OKX, Bybit, and Deribit: A Comparative Engineering Guide to Their APIs and Failure Modes

Every crypto exchange API looks similar in the documentation. WebSocket connections, REST fallback, JSON messages, rate limits, API keys. The illusion of uniformity breaks down the moment you run real strategies against multiple venues simultaneously. OKX’s unified account model changes risk calculations in ways the docs undersell. Bybit’s session management is brutally unforgiving on timing.
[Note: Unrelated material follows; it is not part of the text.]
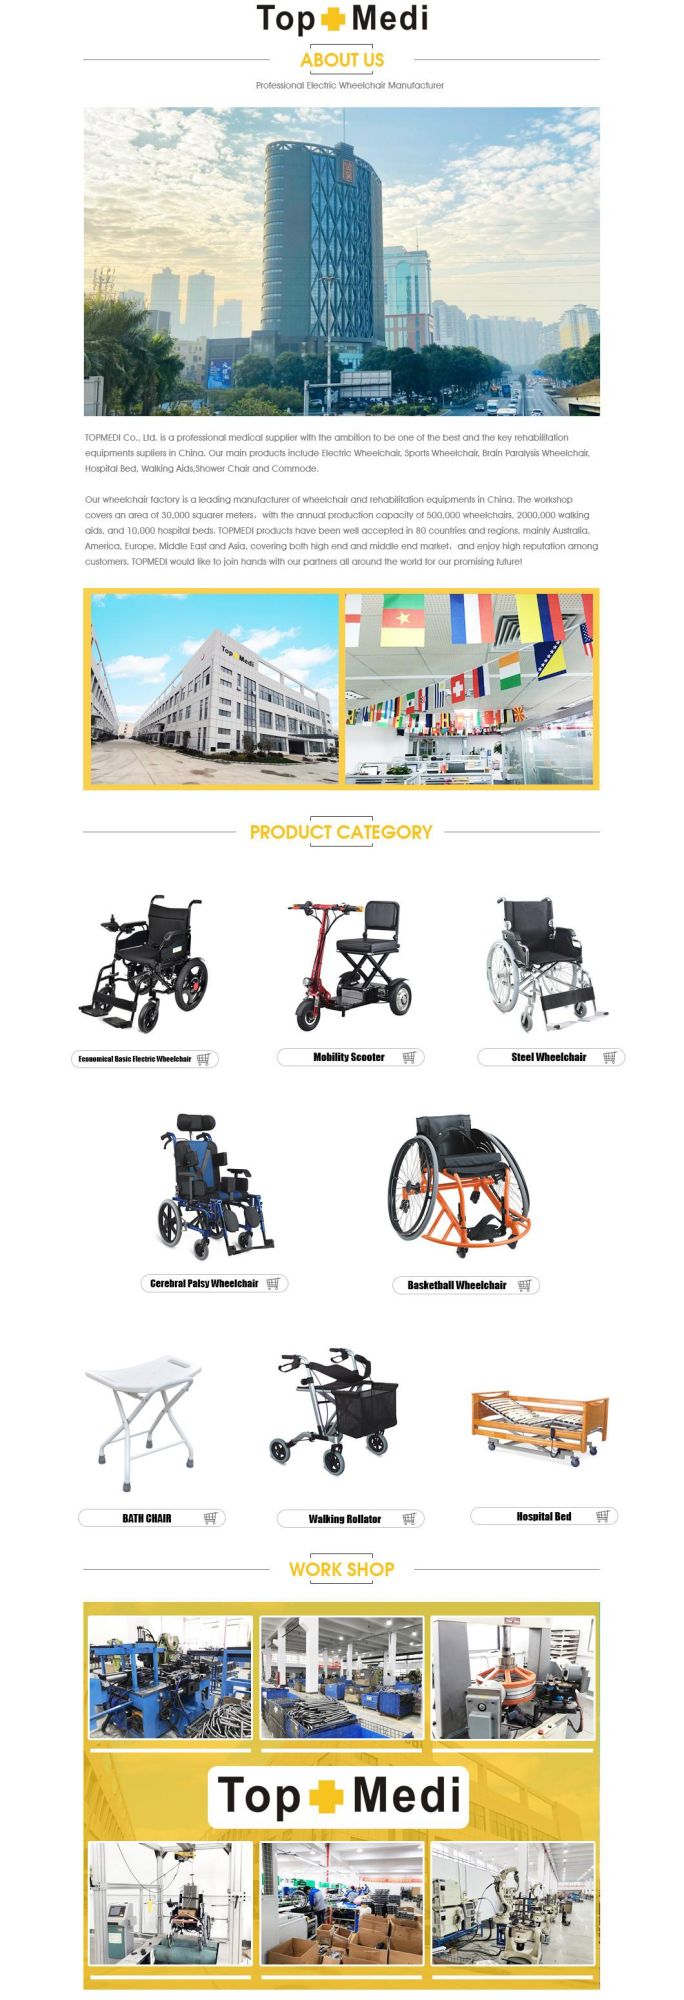 2022 Hot Selling Light Wheelchair Foldable Aluminum Alloy Electric Wheelchair

Deribit’s options stream sizing has physical limits that will surprise you if you’ve only worked with perpetuals.

This post documents what you actually need to know to operate production trading systems on each of these venues.
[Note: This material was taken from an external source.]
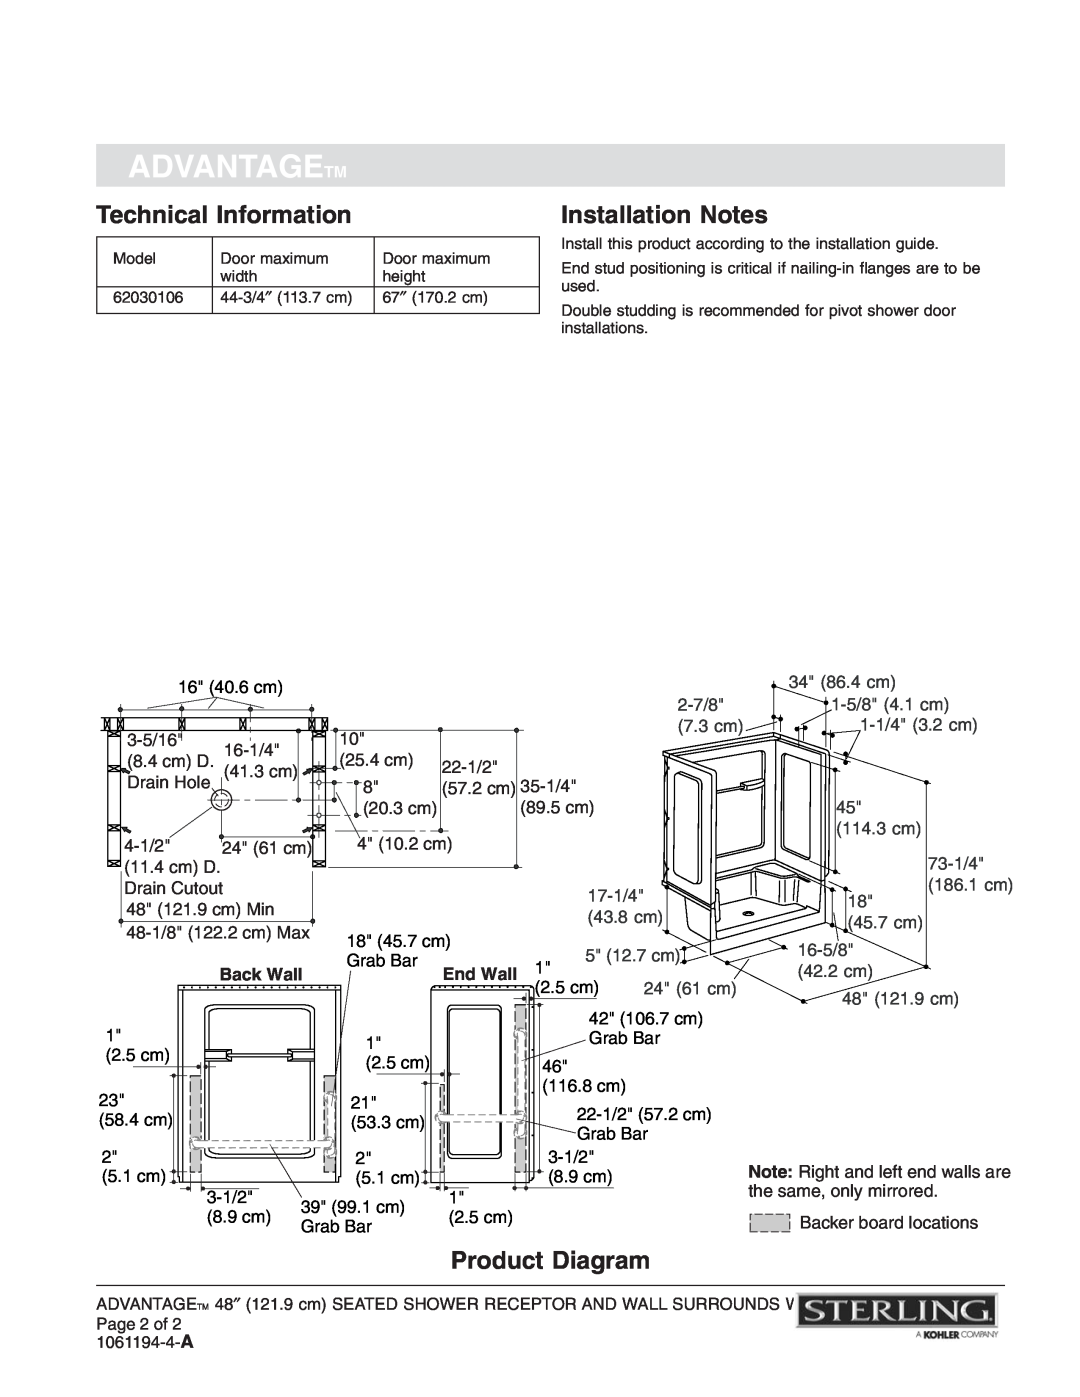 Sterling Plumbing 62034106 Technical Information, Installation Notes, Product Diagram, Advantagetm, 2-7/8, 7.3 cm, 17-1/4

OKX: Unified Account, Classic Account, and the Split That Breaks Your Assumptions

OKX migrated most accounts to their “Unified Account” model in 2022-2023. If your account was created recently, you almost certainly have a Unified Account. If you’re using an older account, you might be on Classic. The two have fundamentally different API structures.
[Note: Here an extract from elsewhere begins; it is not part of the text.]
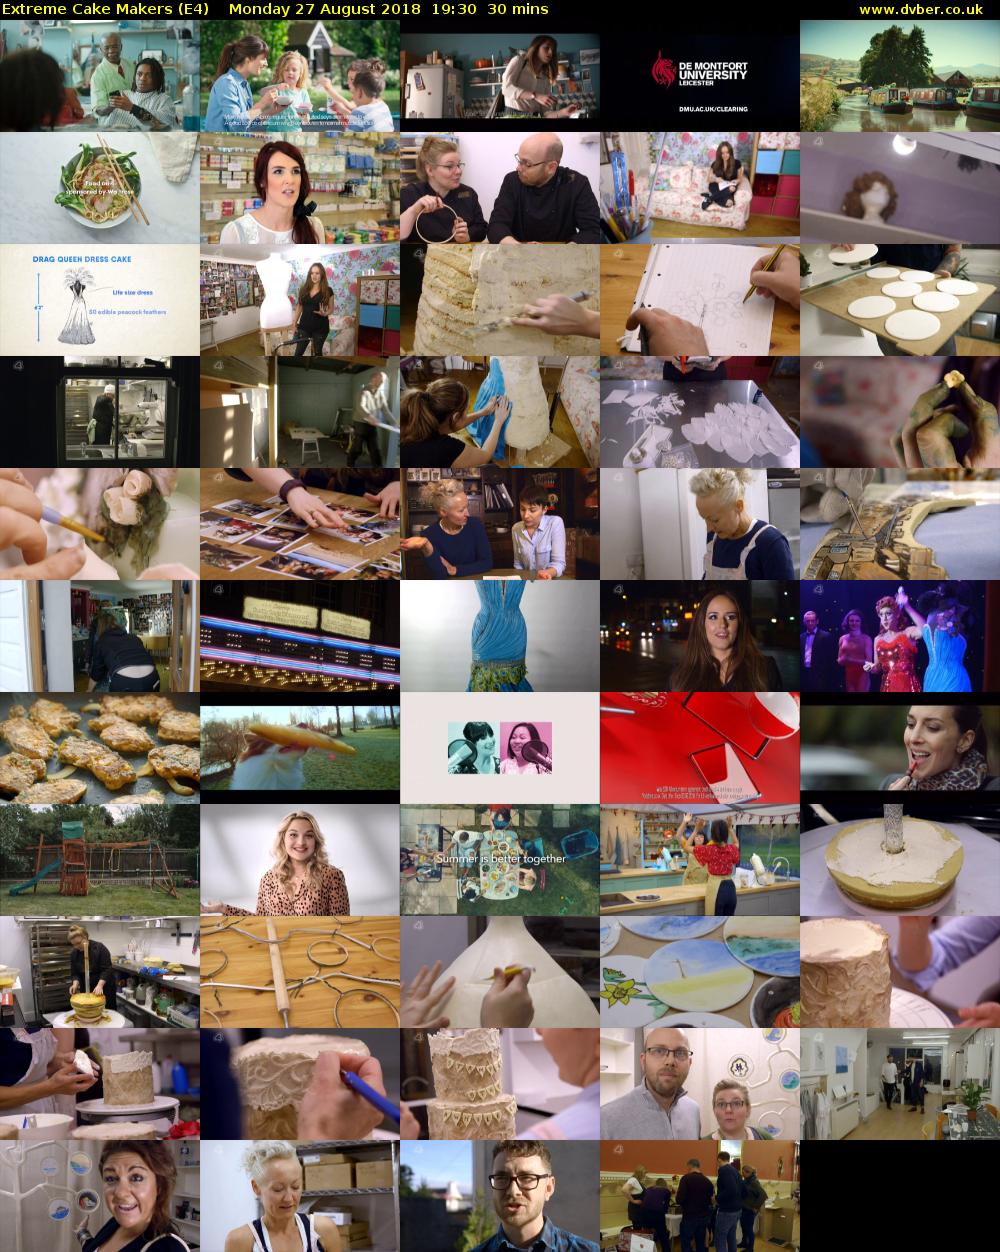 Extreme Cake Makers (E4) Monday 27 August 2018 19:30 - 20:00

Classic Account: Separate balances and endpoints for spot, futures, options, and swap (perpetuals). Separate WebSocket channels per product type. Risk is calculated per-portfolio independently.

Unified Account: Single margin pool across all instruments. One WebSocket connection with unified balance, positions, and P&L. Cross-margin and portfolio margin available.

The API base path differs:

Classic:  GET /api/v5/account/balance  (same path, different response schema)
Unified:  GET /api/v5/account/balance  (same path, different response schema)

Yes, same path, different response. The difference is visible in the response body - Classic returns per-product balances, Unified returns a cross-margin balance with adjEq (adjusted equity) that accounts for all open positions.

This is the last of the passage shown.